British Indian Ocean Territory has the highest ratio with 905.67. Virgin Islands are following with the ratio of 4.52. The two countries have higher ratio than 1. Let's check if they are reallyy the only 2 countries with more area of water than land.

In [40]:
%%sql 
SELECT *
FROM facts
WHERE area_water > area_land;

 * sqlite:///factbook.db
Done.


id,code,name,area,area_land,area_water,population,population_growth,birth_rate,death_rate,migration_rate
228,io,British Indian Ocean Territory,54400,60,54340,,,,,
247,vq,Virgin Islands,1910,346,1564,103574.0,0.59,10.31,8.54,7.67


Yes, we are correct on our exploration. British Indian Ocean Territory and Virgin Islands are the only 2 countries with more water area than land area.

## Which countries will add the most people to their populations next year?

In [42]:
%%sql
SELECT name, birth_rate
FROM facts
ORDER BY birth_rate DESC
LIMIT 5;

 * sqlite:///factbook.db
Done.


name,birth_rate
Niger,45.45
Mali,44.99
Uganda,43.79
Zambia,42.13
Burkina Faso,42.03


Niger, Mali, Uganda, Zambia and Burkina Faso are the top 5 countries with the highest birth rates.

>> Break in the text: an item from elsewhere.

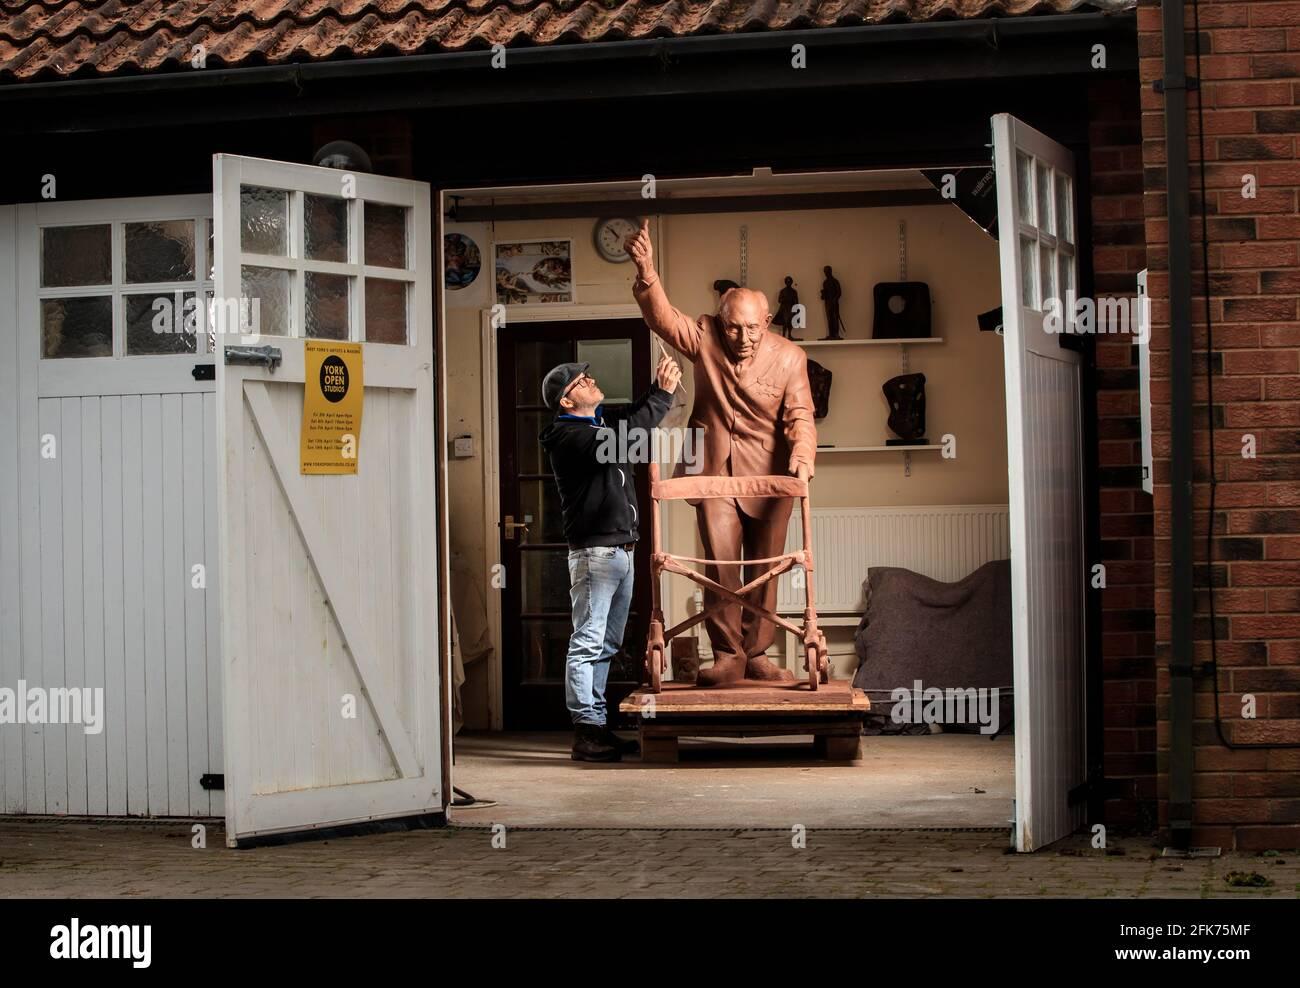 Andrian Melka verleiht seiner zwei Meter hohen Tonstatue von Captain Sir Tom Moore in seinem Atelier in der Nähe von York den letzten Schliff. Der Bildhauer ist Crowdfunding, um die Arbeit in Bronze gießen zu lassen, damit er sie dem Leeds Teaching Hospitals NHS Trust spenden kann. Bilddatum: Mittwoch, 28. April 2021. Stockfoto

They are most likely to add the most people to their populations next year. And it is also interesting that all of the top 5 belong in the Africa continent.

## Which countries have a higher death rate than birth rate?

In [45]:
%%sql
SELECT name, death_rate, birth_rate
FROM facts
WHERE death_rate > birth_rate
ORDER BY death_rate DESC
LIMIT 10;

 * sqlite:///factbook.db
Done.


name,death_rate,birth_rate
Ukraine,14.46,10.72
Bulgaria,14.44,8.92
Latvia,14.31,10.0
Lithuania,14.27,10.1
Russia,13.69,11.6
Serbia,13.66,9.08
Belarus,13.36,10.7
Hungary,12.73,9.16
Moldova,12.59,12.0
Estonia,12.4,10.51


The top 10 countries with higher death rate than their birth rate are shown above. It is interesting that almost all of the countries are Slavic.

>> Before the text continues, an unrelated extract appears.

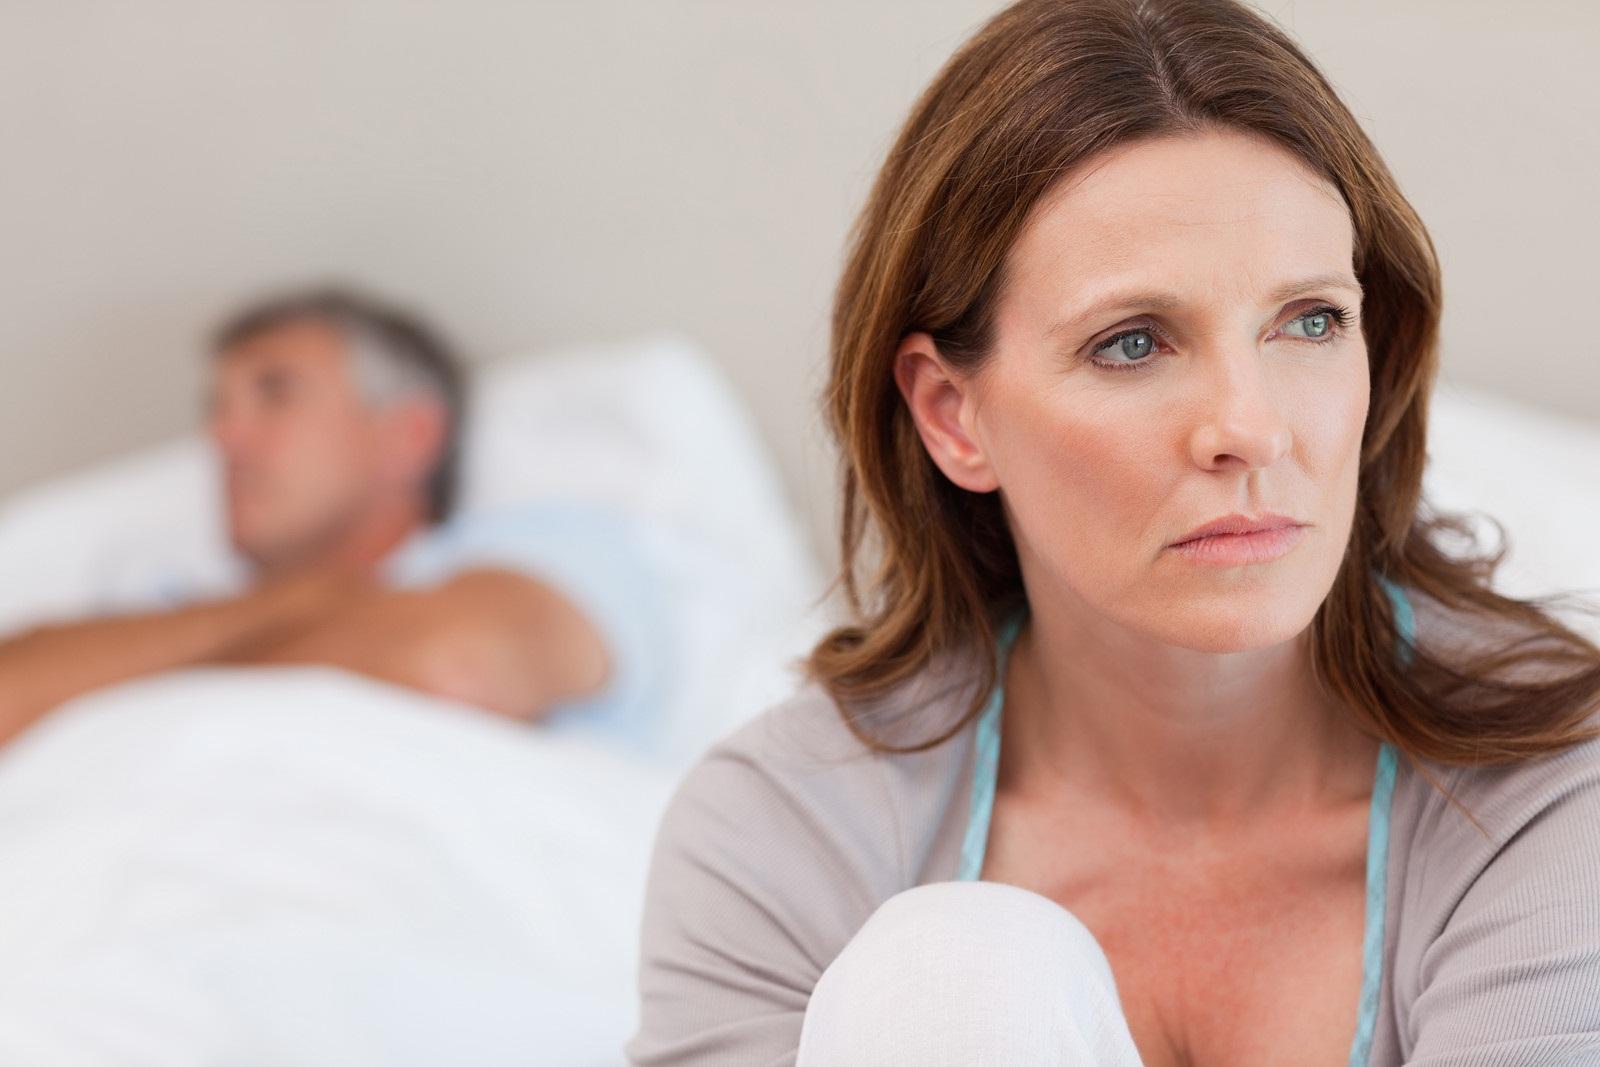 Снижение полового влечения вызывает болезни у женщин

## Which countries have the highest population/area?

In [51]:
%%sql
SELECT name,population, area, ROUND(CAST(population AS FLOAT) / area) AS density
FROM facts 
ORDER BY ROUND(CAST(population AS FLOAT) / area) DESC
LIMIT 10;

 * sqlite:///factbook.db
Done.


name,population,area,density
Macau,592731,28,21169.0
Monaco,30535,2,15268.0
Singapore,5674472,697,8141.0
Hong Kong,7141106,1108,6445.0
Gaza Strip,1869055,360,5192.0
Gibraltar,29258,6,4876.0
Bahrain,1346613,760,1772.0
Maldives,393253,298,1320.0
Malta,413965,316,1310.0
Bermuda,70196,54,1300.0


The top 10 countries with the highest ratio of population over area are shown above.

# CONCLUSIONS

We have discovered many aspects for the dataset from the CIA countries of the world.

We have answered many questions to find out the top countries such as the highest populated, China, to Niger with the highest birth rate ratios. 

We have also shown top countries for population densities.